ミミは背後で銃口を向け、威力を上げるスキルを発動した。


その間に、ギガントジャイアントは膝をついたまま鉄塊をまた振り下ろす。桃がそれを弾いたが、それによってスキルの盾が消失した。


すぐにギガントジャイアントは鉄塊を持ってない方の腕で桃に殴りかかった。

巨大な丸太のような腕が桃と美希に向かって行く。


俺はアッパーの要領で顎下に入り込み、ジャンプし切り込んだ。

顎下の骨が思いの外頑丈で、切り裂くことは出来ないが上をむかせることは出来た。


「【パワーバレッド 6連】」


ミミのもつマグナムガンがチャージによって光り輝き、1発の弾丸が6発になり連射される。無防備な後頭部にチャージされたパワーバレッドが炸裂すると、ギガントジャイアントの腕の軌道は逸れて、壁をぶん殴った。


「よくやった、ミミ! うおおおお!!」


雄叫びをあげながら倒れ込むギガントジャイアントの大きな眼球に向かいかけ出す。


「【巨人穿つ大剣の一撃】」


雷をまとったエレメントソードが巨大化し、大きく振り上げ眼球に向かい突き刺す。ズブズブそれは突き刺さり、体の内部まで貫通した。

俺が剣を抜き離れると、ミミが倒れるギガントジャイアントの真上に飛び上がる。


「【ショットバレッド 6連】」


瀕死のギガントジャイアントの背中に拡散銃弾が降り注ぐ。 

ギガントジャイアントは声を上げる暇もなく消えていった。 


強い。ミミは相当に強い。俺の行動から瞬時に自分の役目を判断してくれる。連携を取ろうと指示を出さずとも、既に最適解で動いてくれている。

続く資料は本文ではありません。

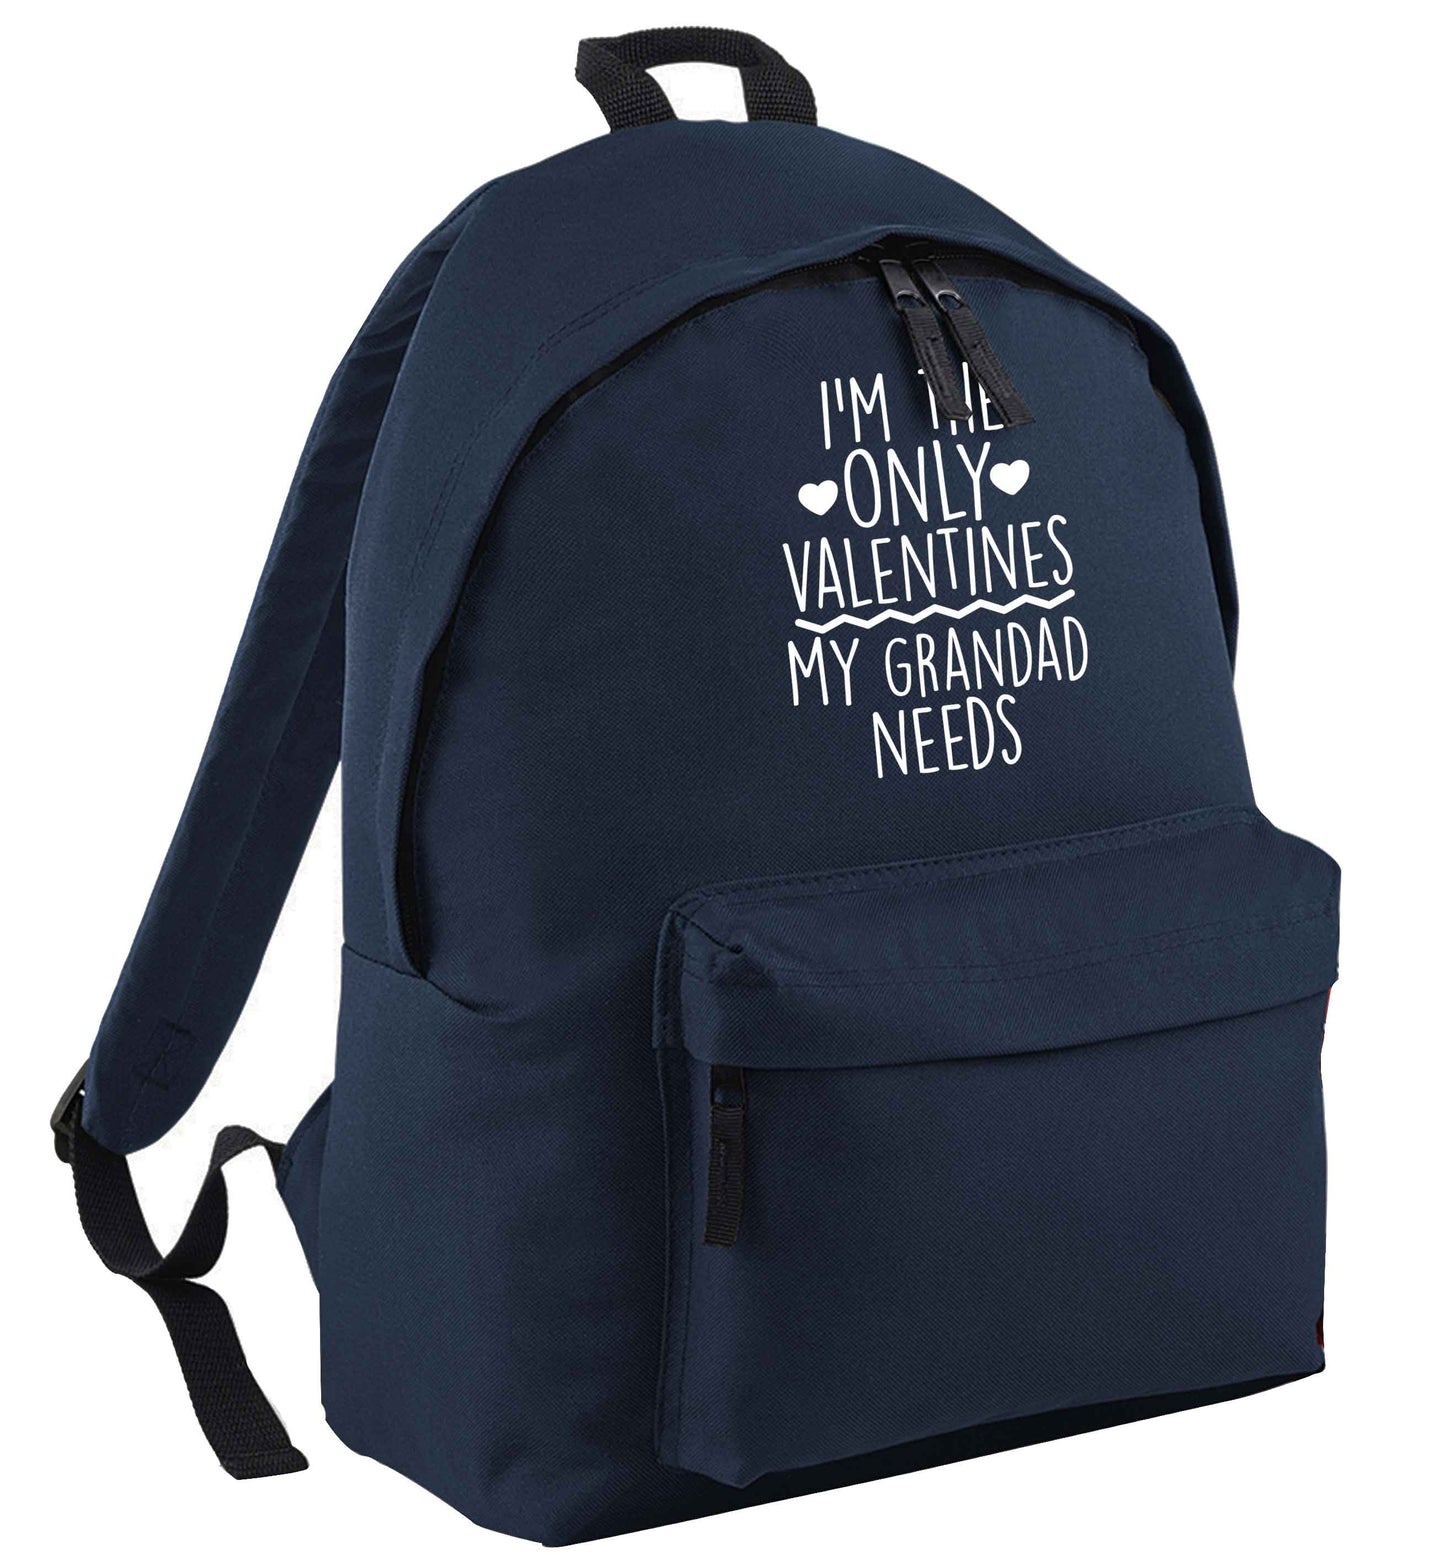 I'm the only valentines my grandad needs navy childrens backpack

桃のスキルと盾も優秀で、数回なら格上の攻撃を無効化することが出来ていた。


「ミミ!!」


俺はミミにハイタッチしようと手を挙げると、飛び上がって抱きついてきた。


「おっと」


「へへーん、どうでした?」


「天才的な連携だ! どうして俺がなにをするかわかるんだ?」


「ブラッディポン酢様の戦闘と行動パターンは何度も何度も見てきたんです。次に何をしたいのか、私は何をしたら良いか、手を取るようにわかりますよ。ミミは世界さんのオタクですから」


「すげえ。俺より強いんじゃないか?」


「有り得ません、ミミは世界さんの行動の隙間を埋めているだけですから」


「そこまで言われると照れるな、桃もバッチリだったぞ! ……桃?」


振り返ると桃は盾を置き、美希の胸に耳を当てていた。俺とミミはすぐに駆け寄った。


「どうした?」


「どんどん心臓の鼓動と呼吸が弱くなってるぢゃん!」


回復薬を桃が噛み砕き、無理やり美希に口移しする。が、すでに外傷はないし、内臓のダメージも回復できているため、変化は起きなかった。


「すぐ行こう」


「ダメぢゃん、龍の舞を発動し直してからじゃないと、ラスボスは跳ね上がって強くなるって世界っちが一番わかってるっしょ」


「そうです、落ち着いて下さい。万全の状態でのぞまないと全滅もあり得ます。レベル80以上のモンスターだった場合、無傷の勝利はあり得ないでしょうし」


「だよな、じゃああらかじめ__」


「ダメです!! あれは使わない約束です、敵対してどうしてもと言う時だけにして下さい」


「そうぢゃん! あんなことしてたら世界っちの精神が保たないし!」


俺は美希のそばに行き、頬に手を当てた。体は冷えていた。まだ浅いが呼吸はしているし、心臓も動いている。皆に止められている技は確かにリスクが高すぎる。使った上で不利になれば勝てる戦いも勝てなくなる諸刃の剣だ。俺は美希に声をかけながら、インターバルの経過を待った。ひどく長く感じる数分間を終え、最初から桃が美希を背負い、ミミと俺が2人がかりで戦闘する陣形で扉を開けた。 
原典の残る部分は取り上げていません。